The bottom line: The difference in those who appreciated the opportunities and money had little to do with
who was footing the bill. Rather, the two things that made the most difference were 1) whether the student was ready (emotionally and academically) for college, and 2) whether the kid had been raised to appreciate things during his childhood.
Something I say to my students' parents all the time: This kid who's about to go to college is the same one who's been living in your house for 18 years. You know his habits, his motivation level, his emotional readiness. Make your decisions based upon the kid you have, not upon hopes that he'll suddenly mature or change magically once he's 18 and a high school graduate.
And I'll end with a story:
My own 20-year old college sophomore has it pretty easy financially. We're paying for her tuition, dorm and meal plan. Her tuition includes books. She's carrying a (dumb) phone that's in my name, and she's on my insurance.
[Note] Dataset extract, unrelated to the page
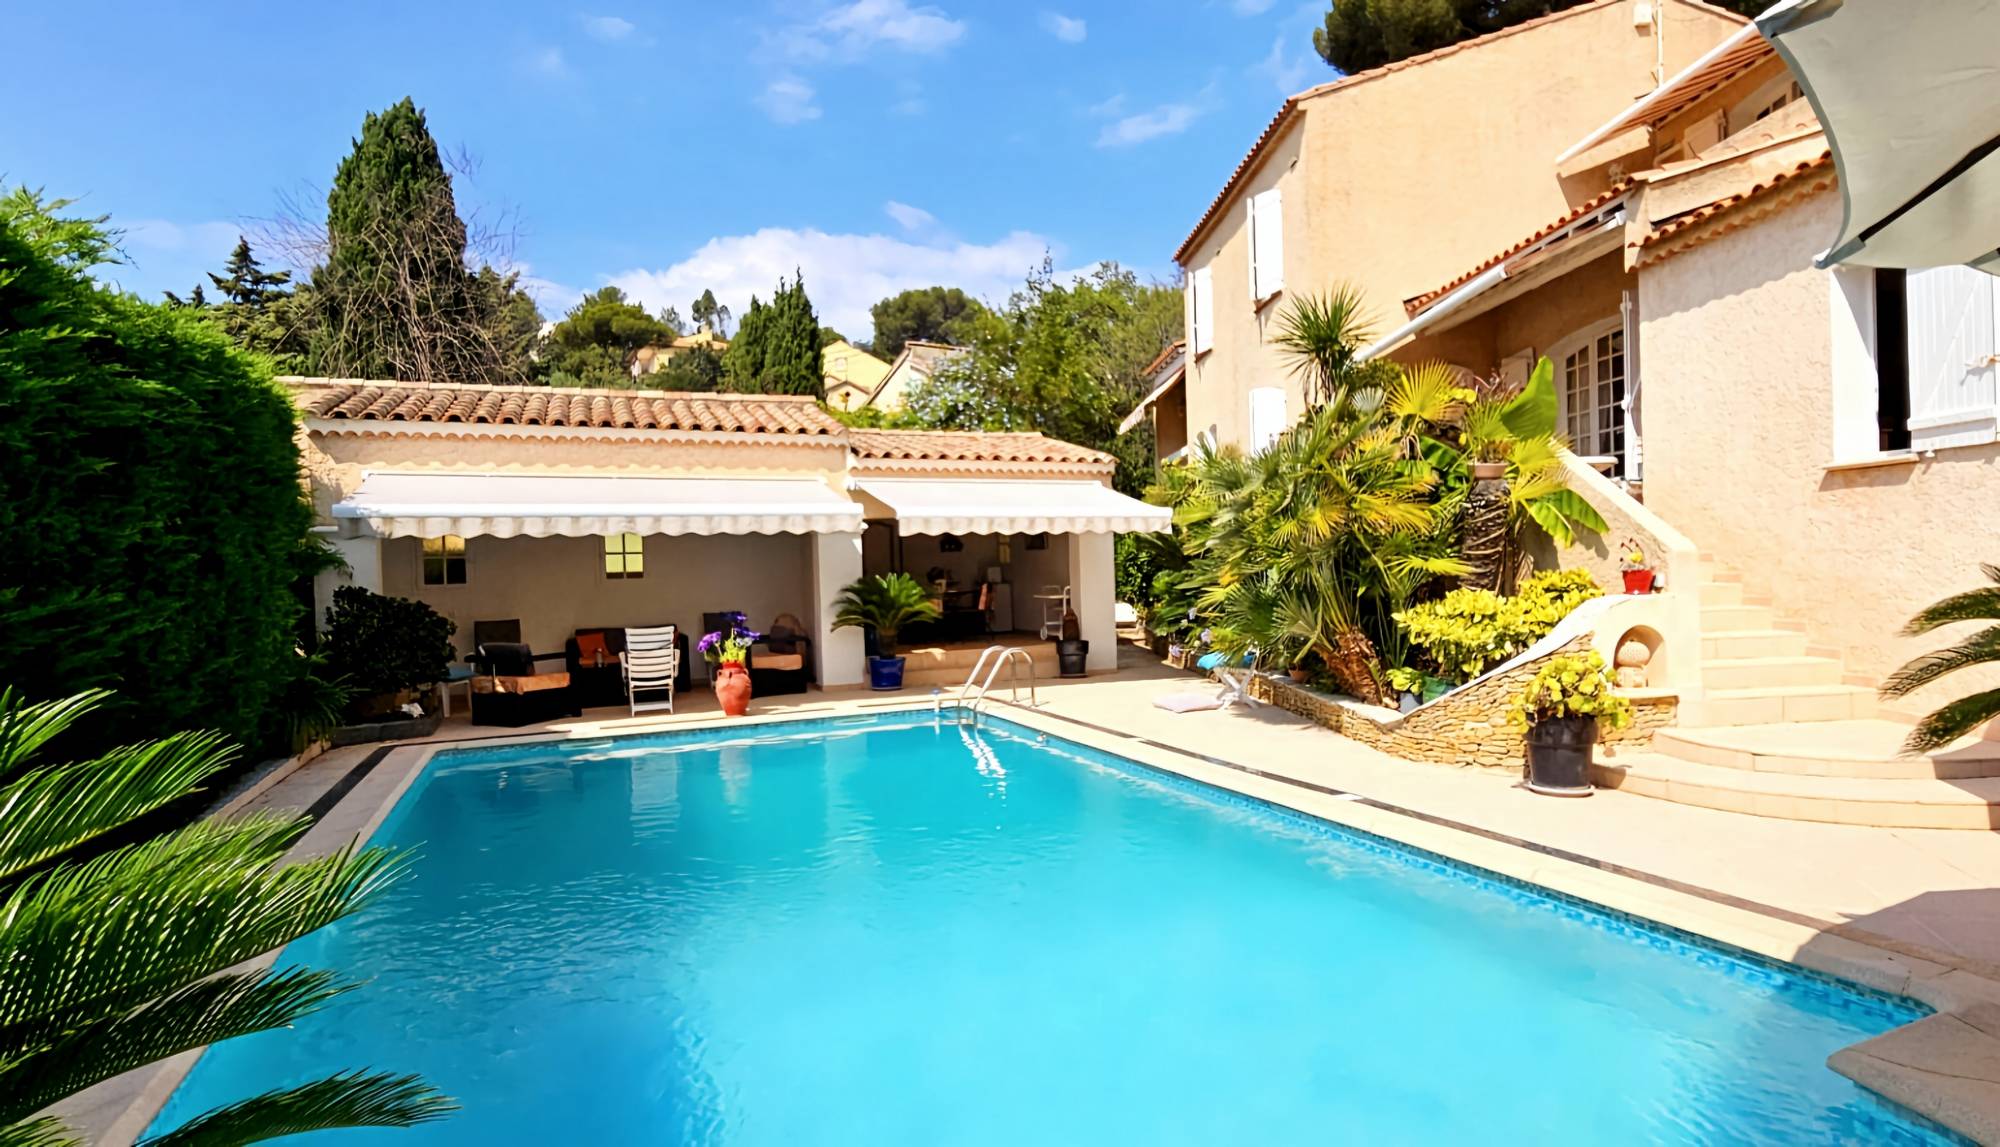 Villa traditionnelle avec piscine et jardin exotique à vendre sur la ville côtière de La Seyne-sur-Mer
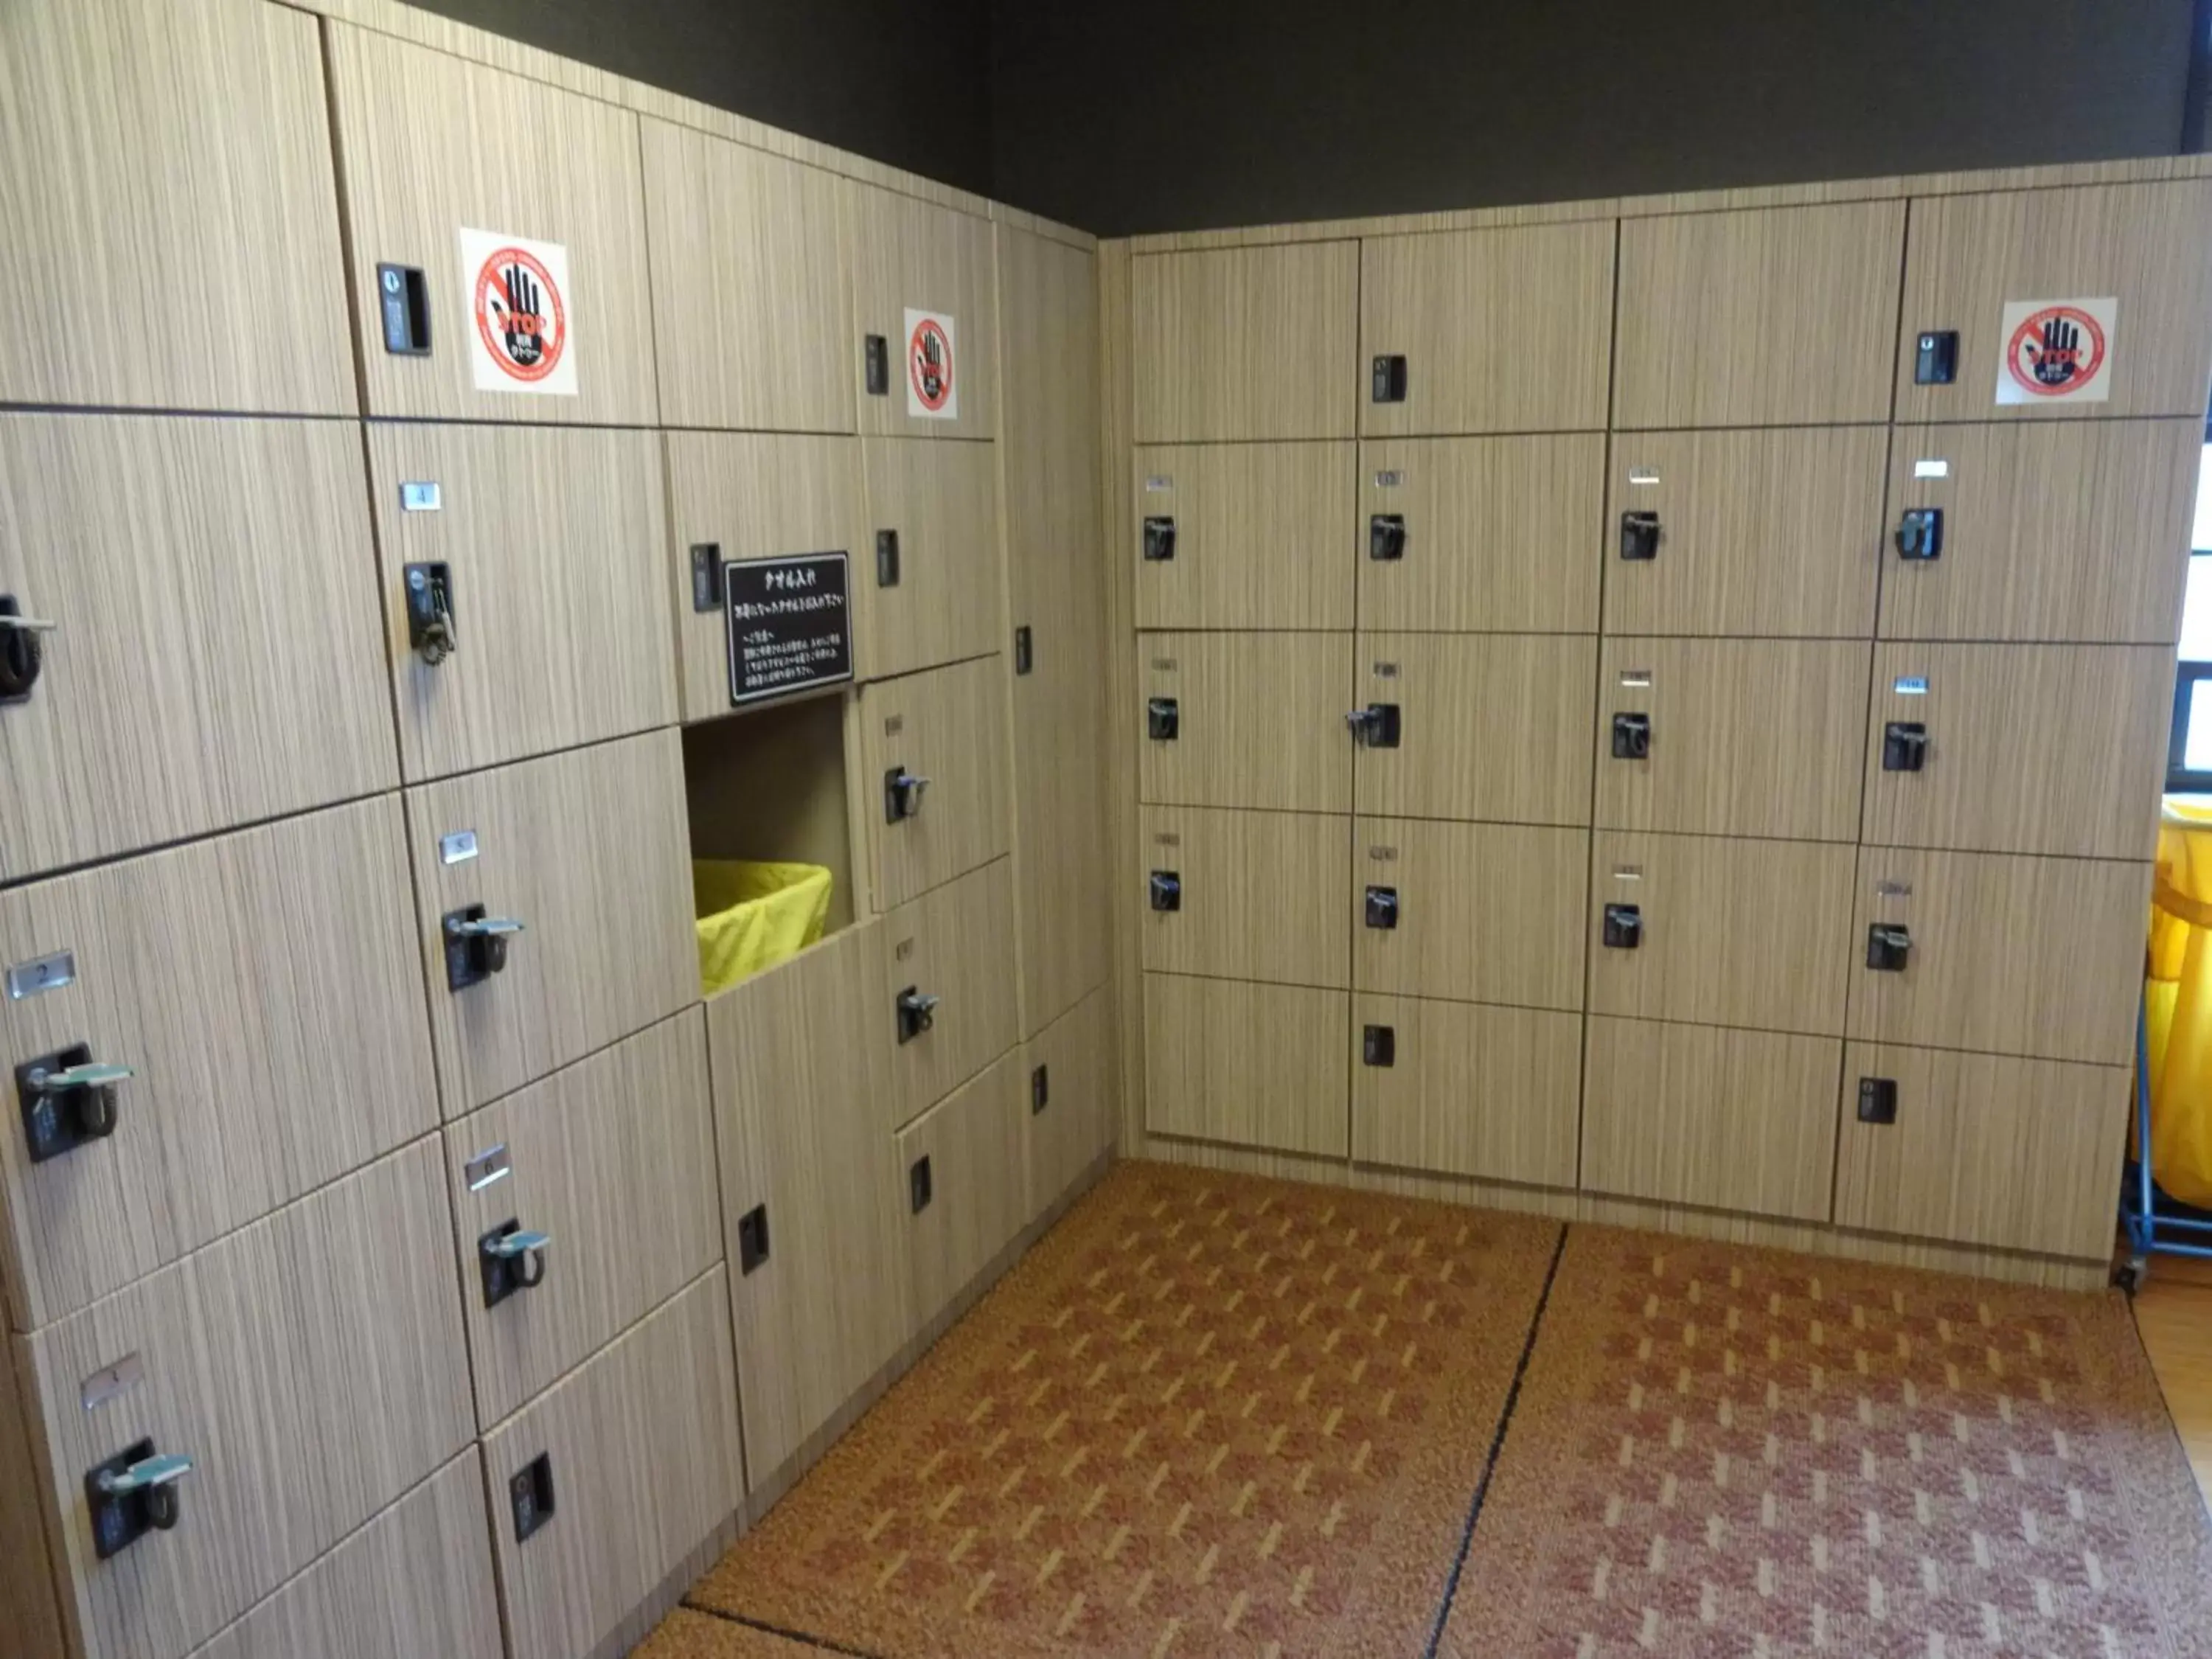 Spa and wellness centre/facilities, Bathroom in Dormy Inn Hakata Gion

She doesn't have a car, but we are very willing to drive up to get her anytime she wants to come home. When she comes home, we always send her back with a big bag of groceries, including a couple homemade meals and other goodies. She works part-time in the campus health center for her spending money. According to many people's theories on college spending, she should be goofing off, running wild, flunking out -- but she isn't. She has near a 4.0, was just admitted to the nursing program for her junior year, and she has been nothing but responsible. Lately she's become concerned about how she'll make the financial transition between college and work, and she and I have discussed saving, investing and other financial topics (frugal living seems to be the one that interests her most), and she's sought out books in the library. We pushed personal responsibility from the time she was a small child, and she's exhibiting that behavior now.